1,2,,180799606002051,79,2051,R,18,960600,38.9335629,,Block 2051,S,-85.6352221,1277980,31175,G5040,4977.961559,1308558.0,"POLYGON ((-85.64117 38.92621, -85.64121 38.926..."
2,3,,181259541002131,125,2131,R,18,954100,38.4154515,,Block 2131,S,-87.3437,1214448,2492,G5040,5833.011878,1215994.0,"POLYGON ((-87.35258 38.41400, -87.35256 38.413..."
3,4,,181259539002041,125,2041,R,18,953900,38.4463365,,Block 2041,S,-87.15854,4716036,68216,G5040,10184.51979,4780449.0,"POLYGON ((-87.17438 38.44355, -87.17440 38.443..."
4,5,,181259542004154,125,4154,R,18,954200,38.2436132,,Block 4154,S,-87.286756,7321864,52968,G5040,11325.53468,7369043.0,"POLYGON ((-87.29837 38.23219, -87.29838 38.231..."


In [None]:
summarize(gdf10.drop(['geometry'], axis=1))

#### Takeaways:
* The data is clean, as expected from the census beureau
* The uatype10 has blanks for areas that are not urban
* I'm not sure what features are needed and what features are not needed
    * For land area and water are I think i will keep the areas, it may reflect on how quick certain fixes are completed (more land, more area to cover, more wateer, possibly more complications with seemingly simple repairs)
    * Drop:
        * ur10 - uatype can show whether it is rural, urban, or whatever that third letter signifies
        * statefp10 - all indiana - the same states
        * intplat10 - the lat and long dont seem necessary, so I will drop these becasue the geometry will allow us to plot on a map
        * intplon10 - see above
        * funcstat10 - only one value
        * mtfcc10 - only one value
        * fid - the index already does the work, would prefer starting at 0 rather than 1
        * uace10 - the code is not very important for what i need to complete
        * uatype - drop becasue it isnt in the 2020

In [11]:
# dropping columns
gdf10.columns

cols_to_drop = ['fid', 'uace10', 'statefp10', 'ur10','funcstat10','mtfcc10','intptlon10','intptlat10']

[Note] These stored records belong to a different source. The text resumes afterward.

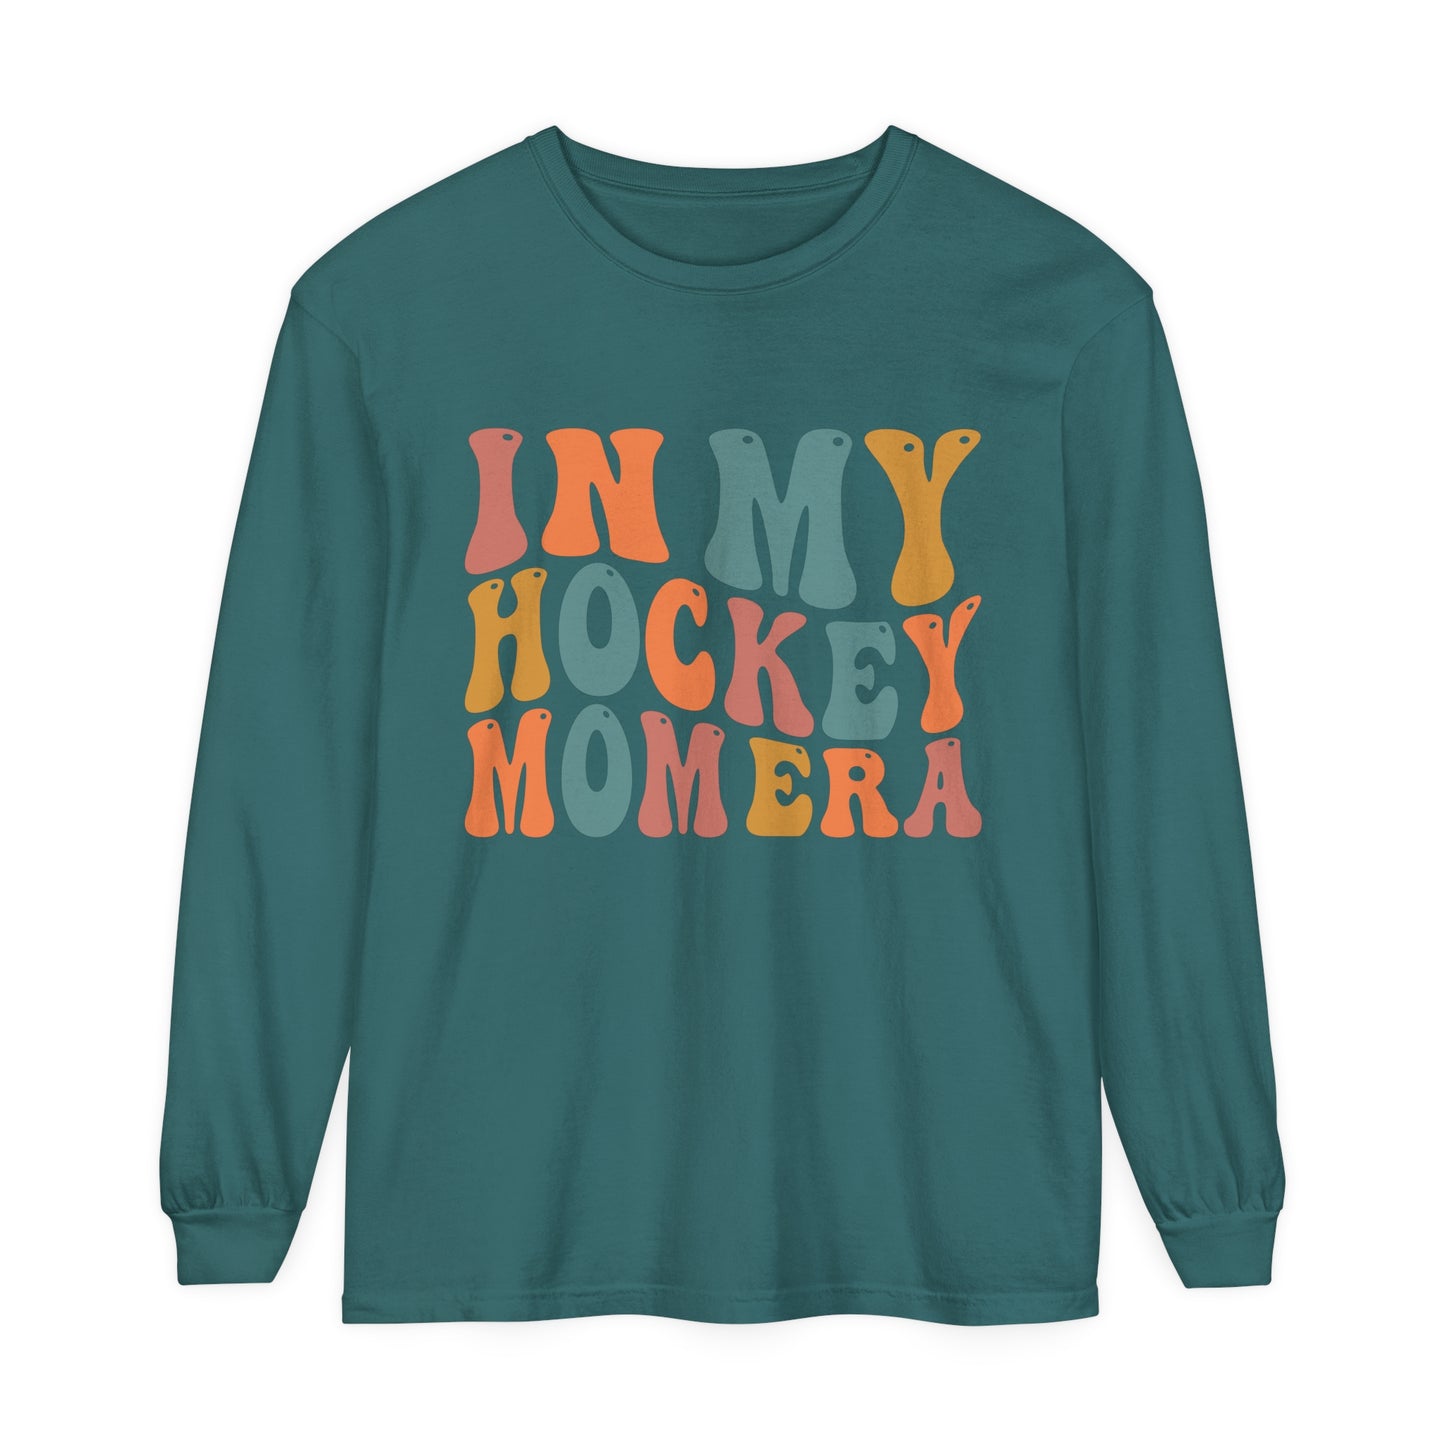 In my hockey mom era loose long sleeve women's  T-Shirt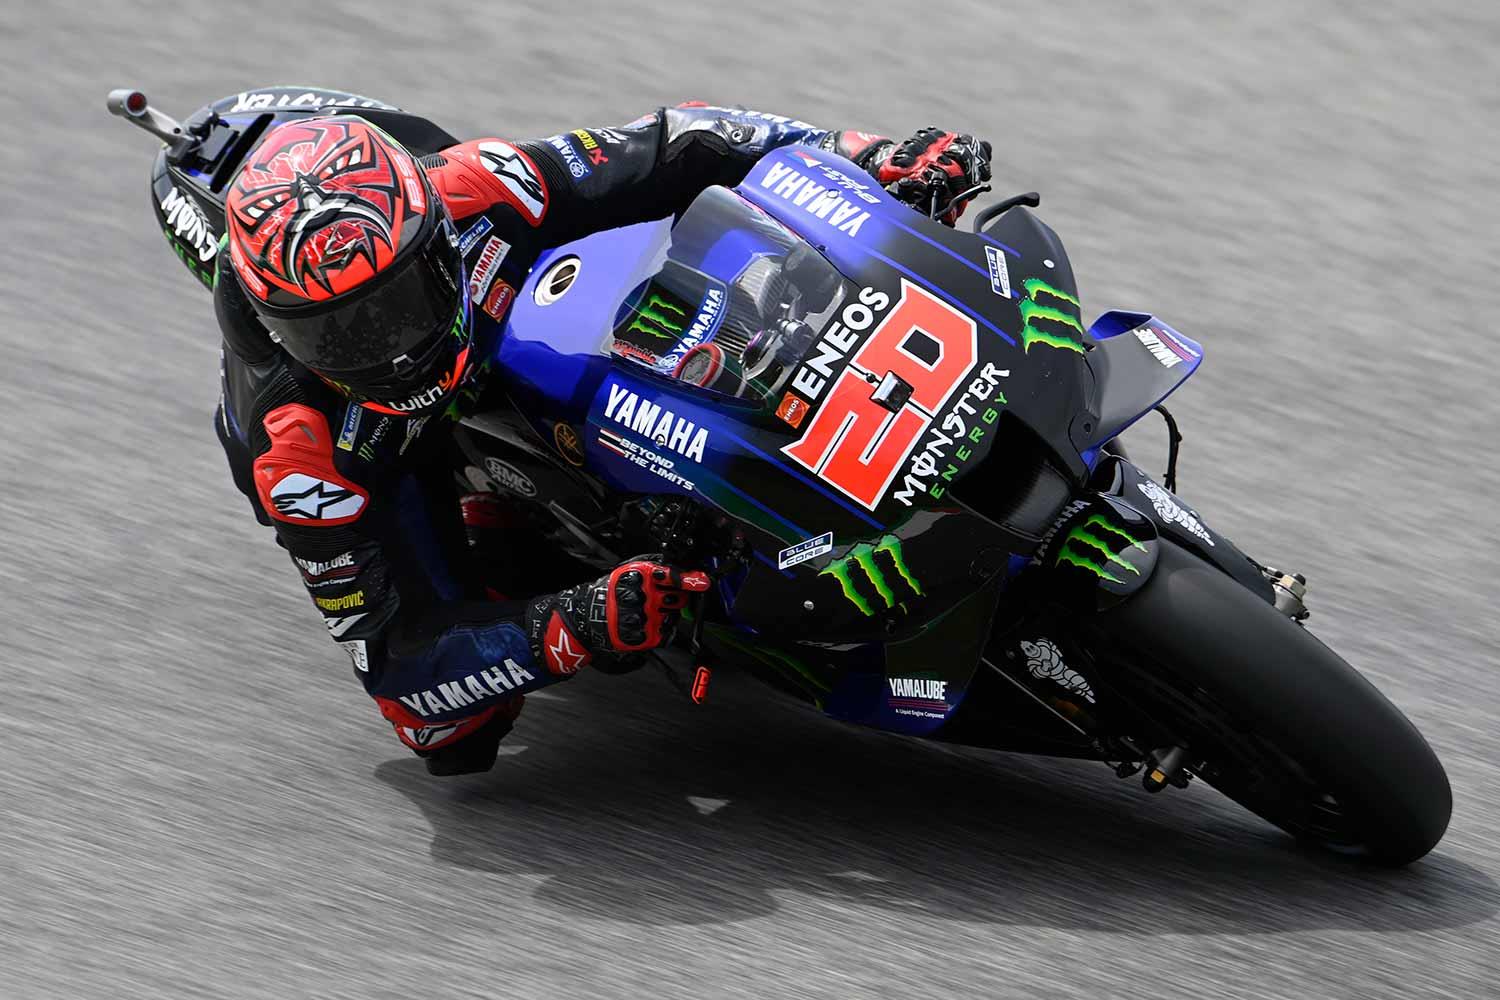 MotoGP Mugello: Fabio Quartararo takes a comfortable victory in Italy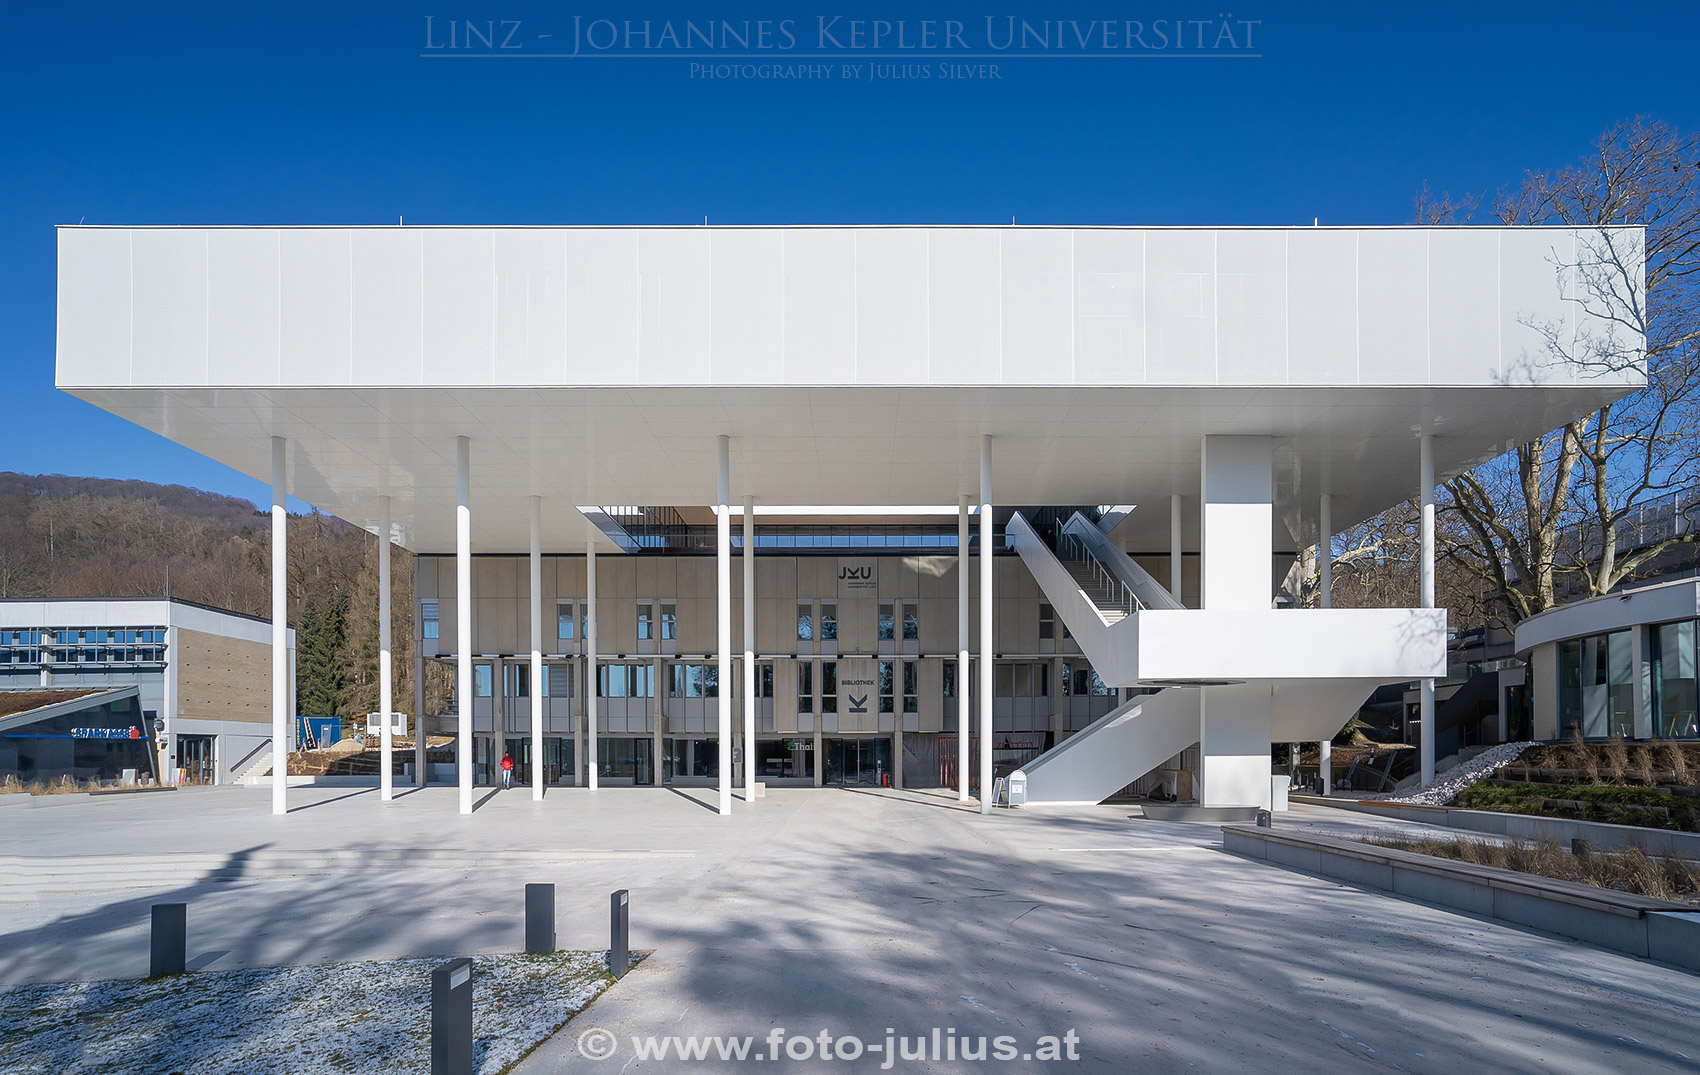 Linz_122a_Johannes_Kepler_Universitat.jpg, 461kB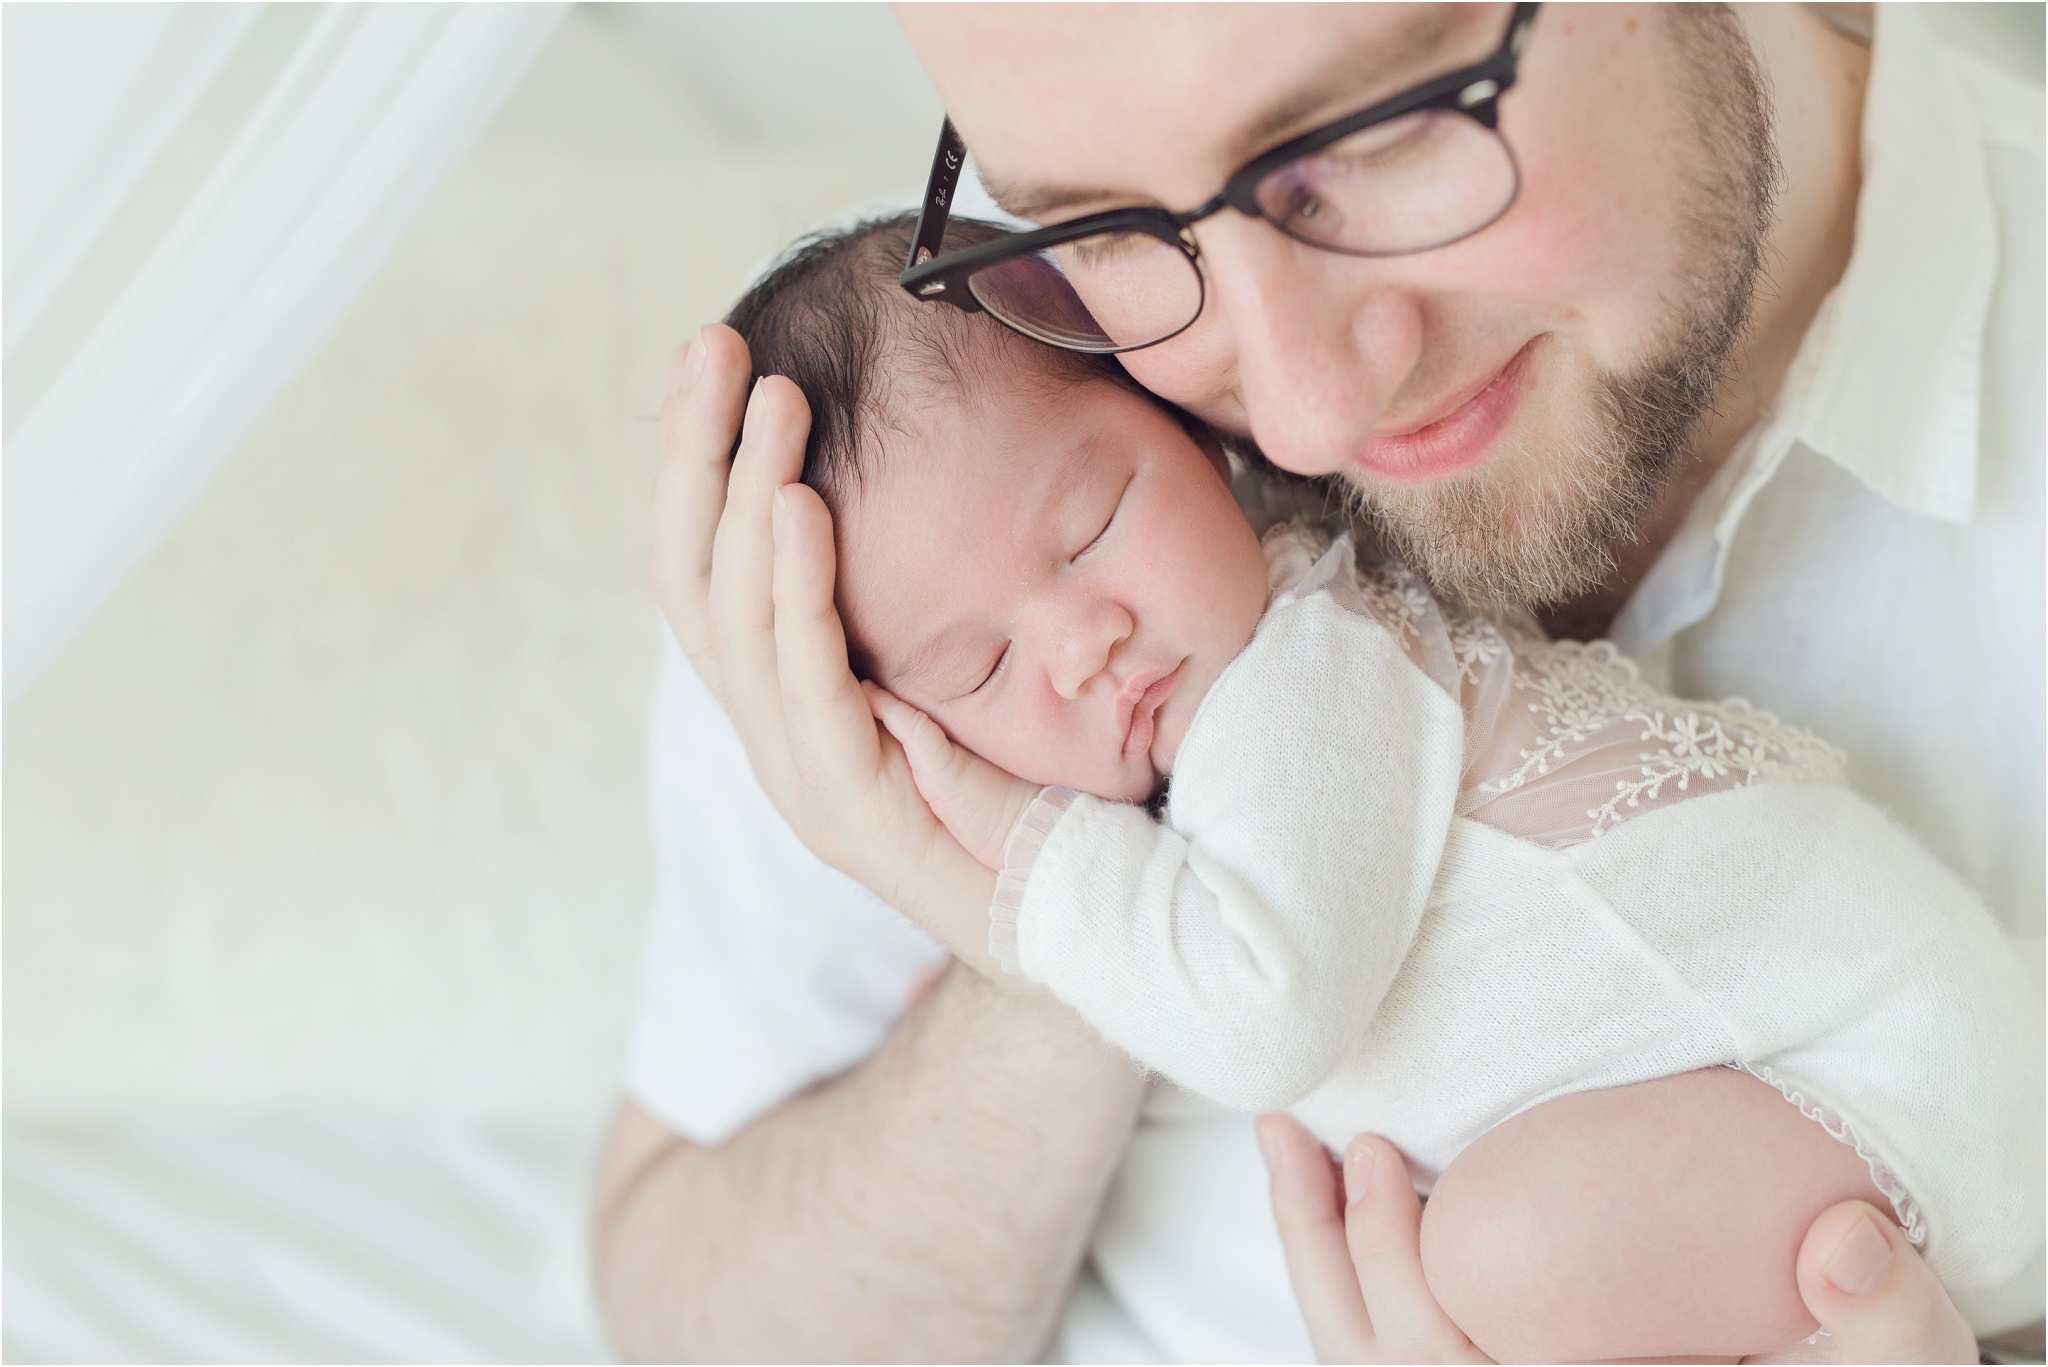 edmonton newborn photographer, nc photography, newborn photos, st albert newborn photographer

gdf10.drop(cols_to_drop, axis=1, inplace=True)

In [23]:
# adding rural to the uatype for the missing values
gdf10['uatype'].value_counts()

gdf10.loc[:,'uatype'] = gdf10.loc[:,'uatype'].replace(' ', 'not_urban').replace('U', 'urbanized_area').replace('C', 'urban_cluster')


gdf10['uatype'].value_counts()


uatype
not_urban         135218
urbanized_area     94365
urban_cluster      37488
Name: count, dtype: int64

In [31]:
# change name10 to blockname10 and drop block and the space

gdf10.loc[:,'name10'] = gdf10.loc[:,'name10'].str.strip('Block ')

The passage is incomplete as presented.